Start of Block

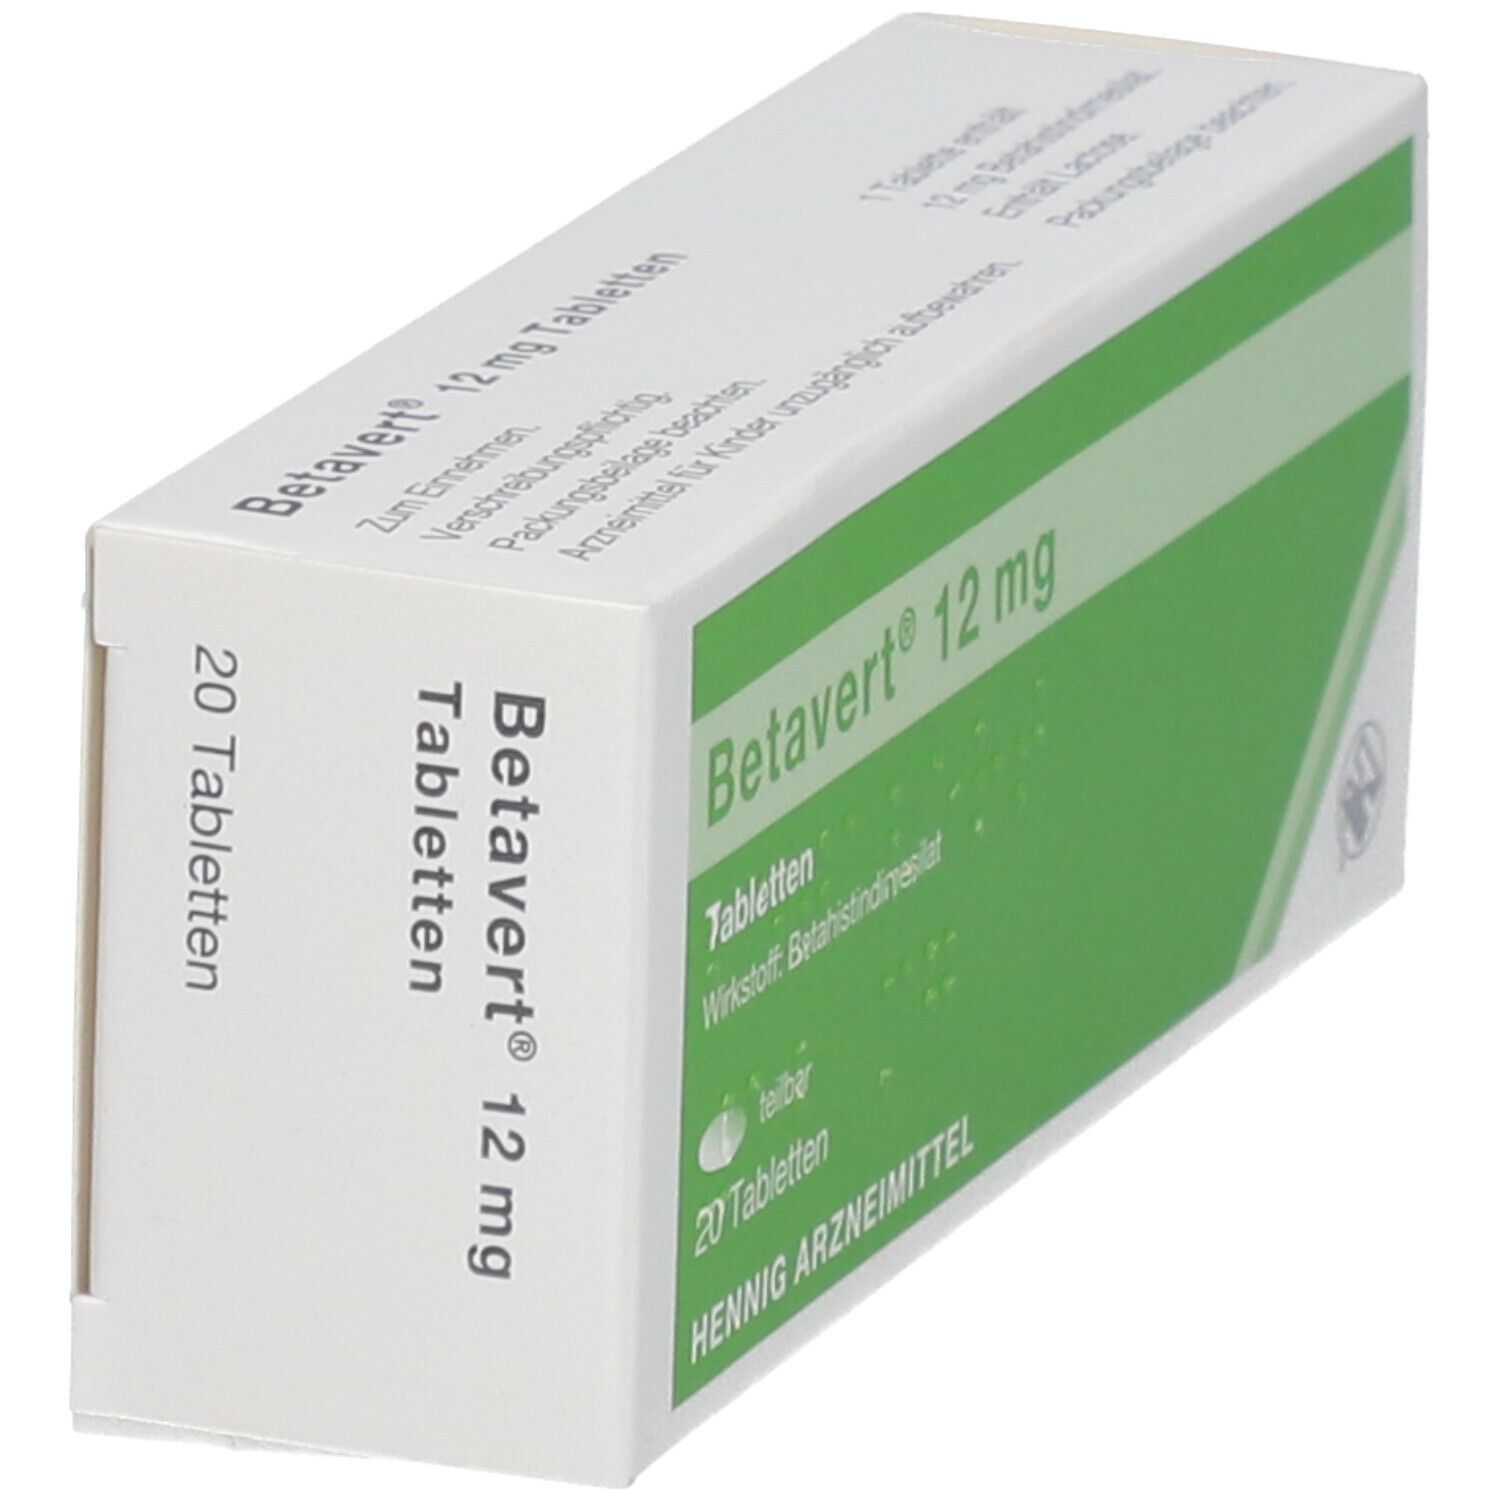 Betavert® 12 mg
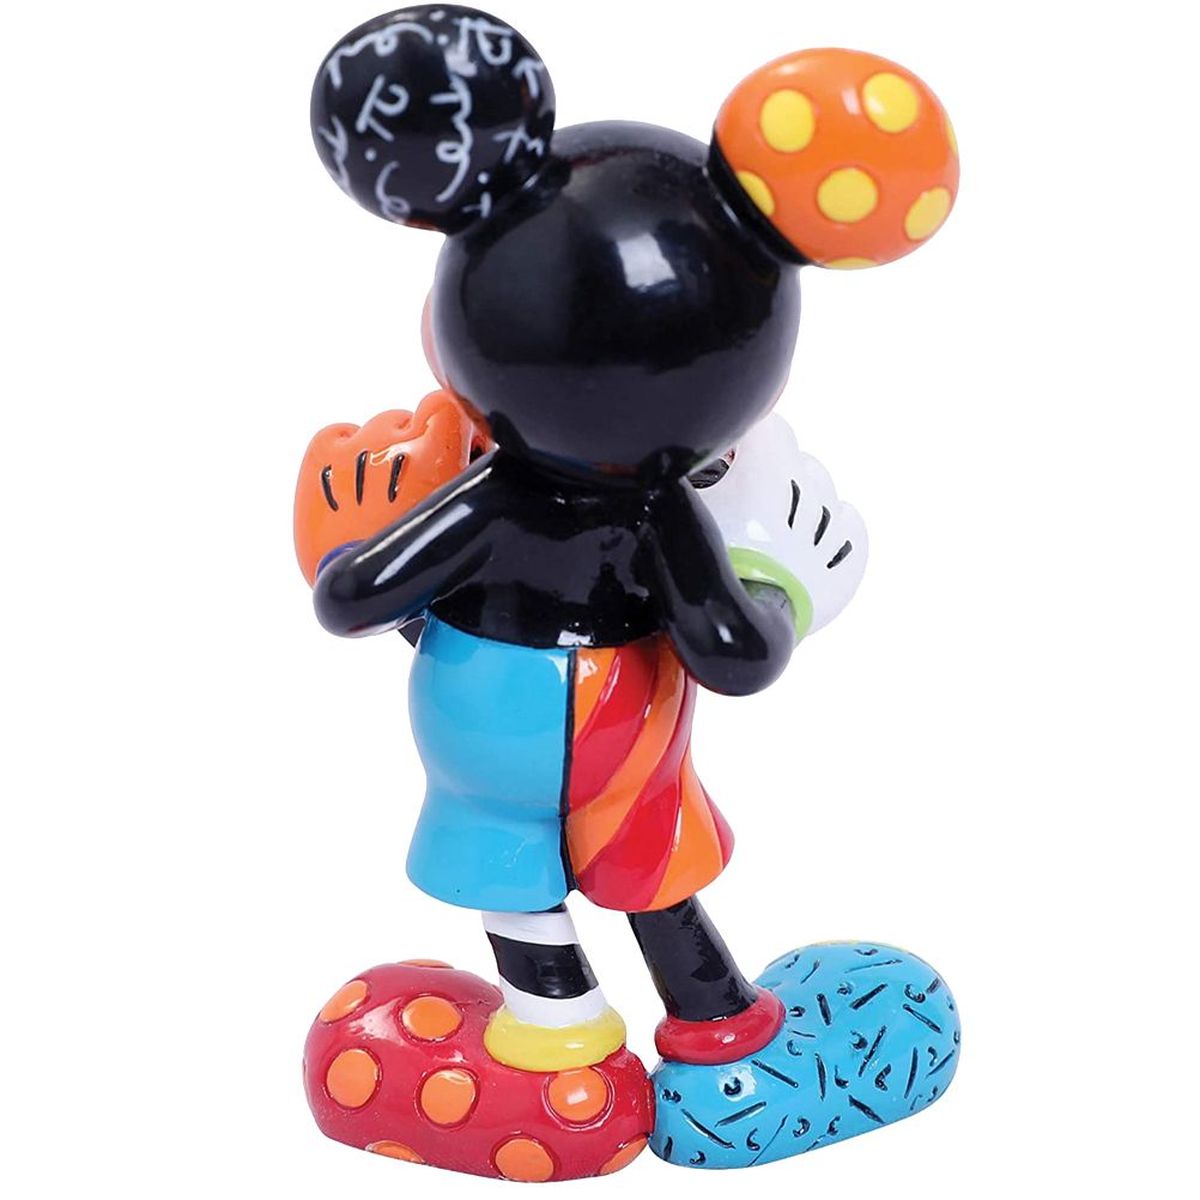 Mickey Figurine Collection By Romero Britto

End of Block
Start of Block

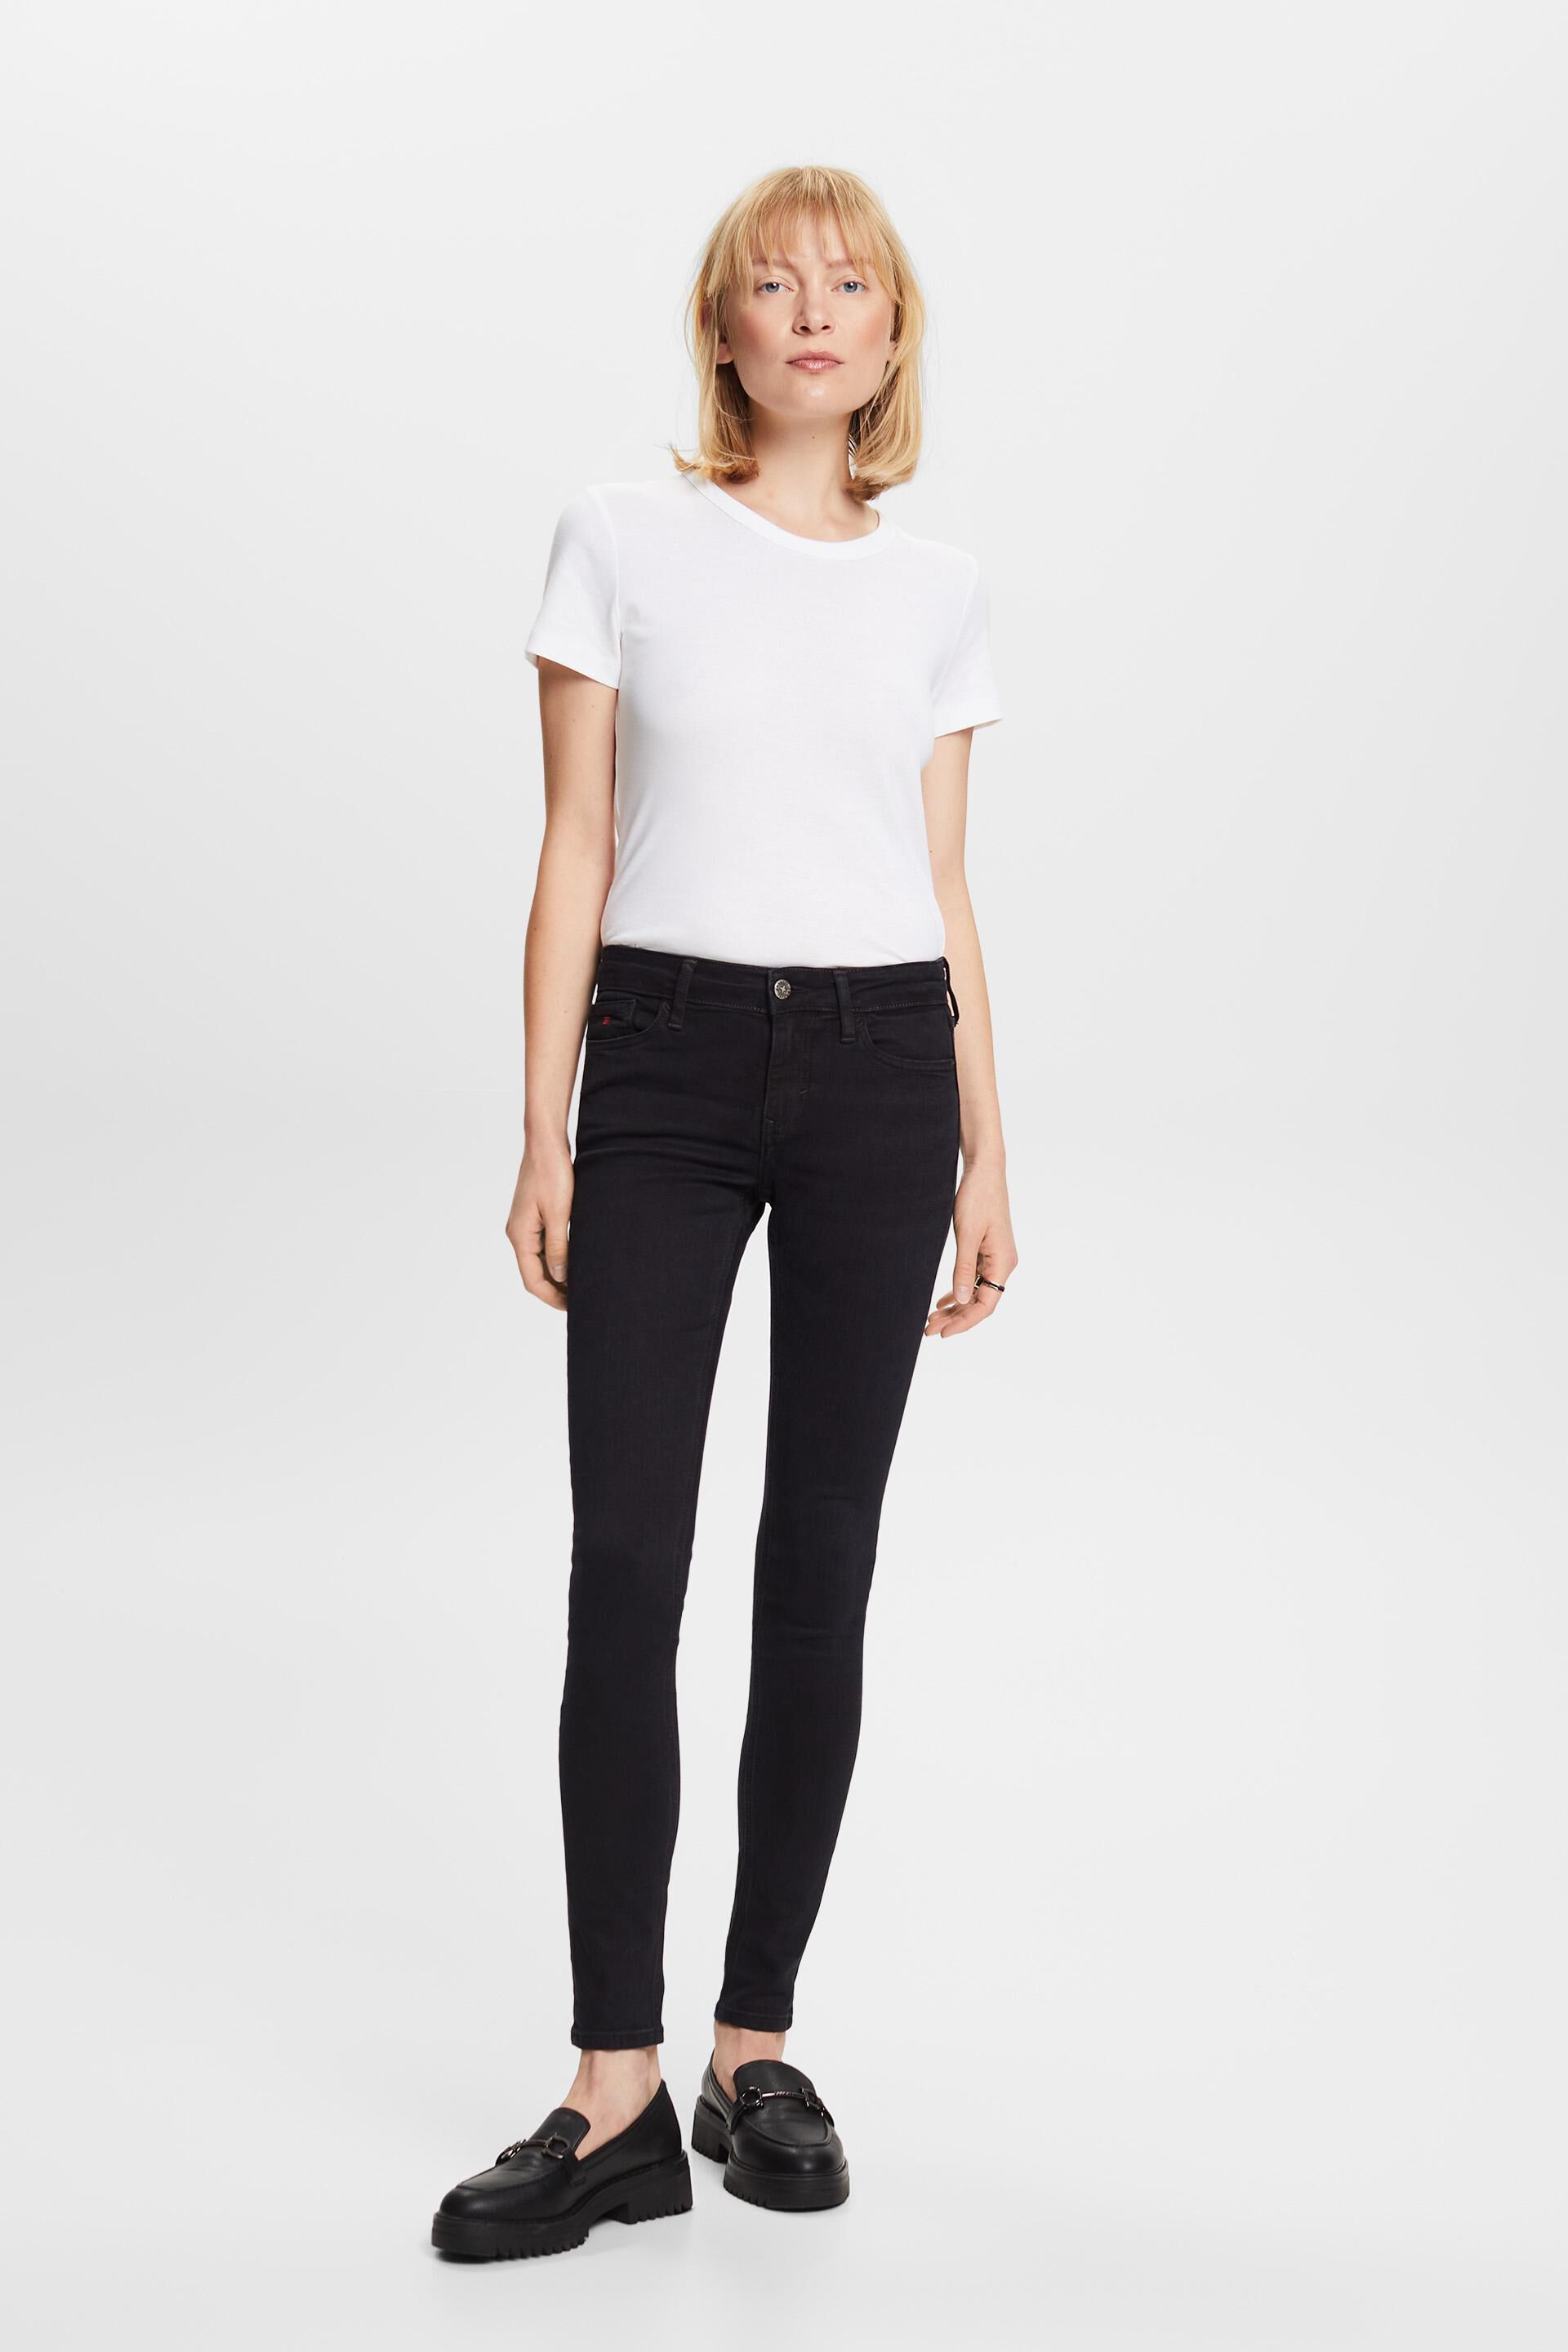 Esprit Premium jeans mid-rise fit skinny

End of Block
Start of Block

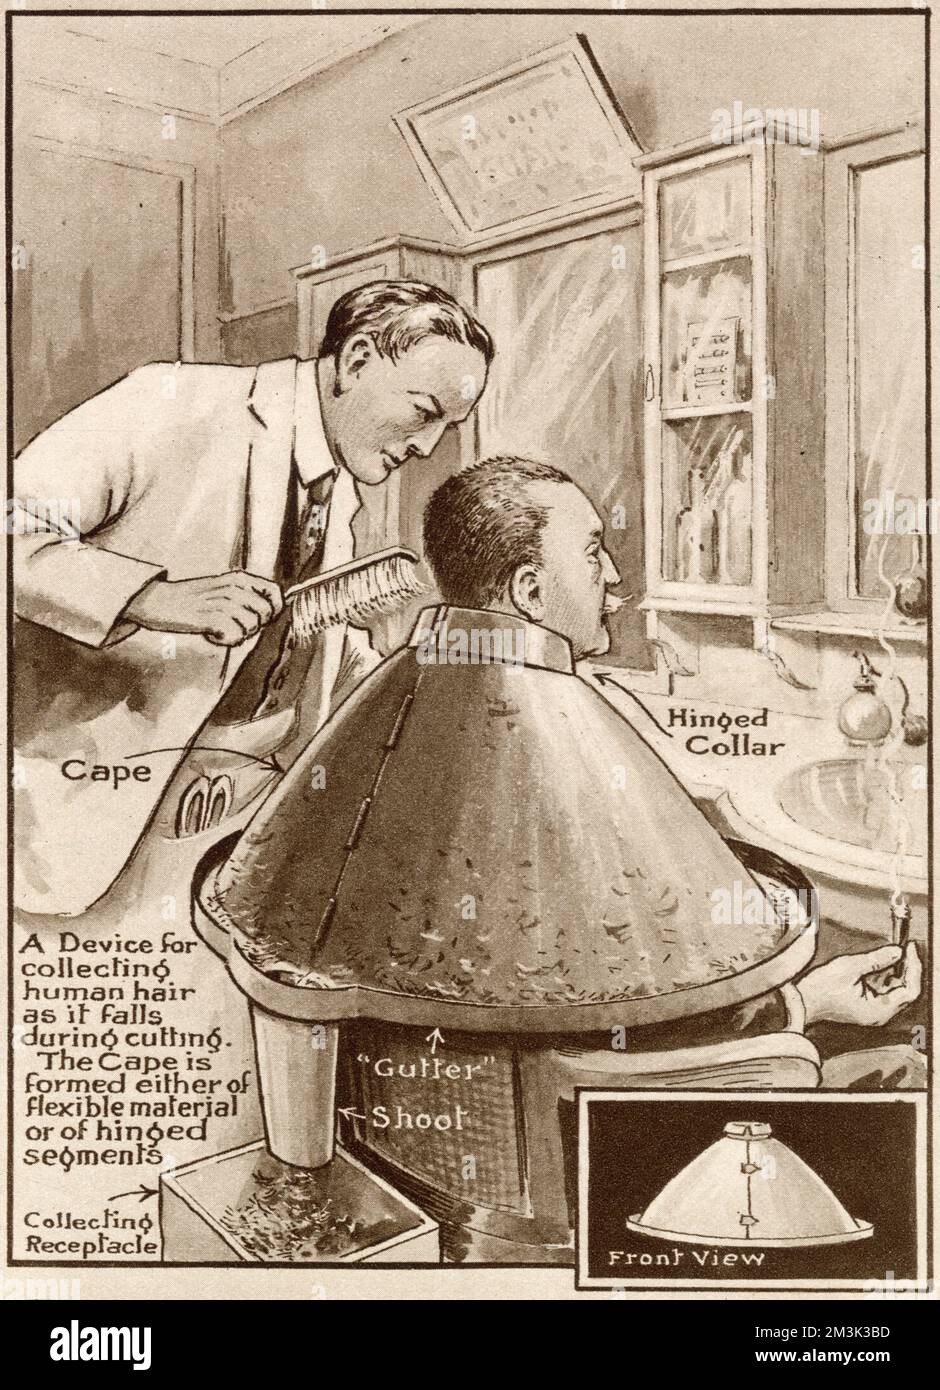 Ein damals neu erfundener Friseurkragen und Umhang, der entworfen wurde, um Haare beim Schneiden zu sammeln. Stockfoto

End of Block

> [Task to complete] Within the entries above, the lines from the one containing "Betavert® 12 mg" through the one containing "Mickey Figurine Collection By Romero Britto" are to be transcribed exactly, ends included, pictures excluded.

> [Your solution]
 Betavert® 12 mg
 Mickey Figurine Collection By Romero Britto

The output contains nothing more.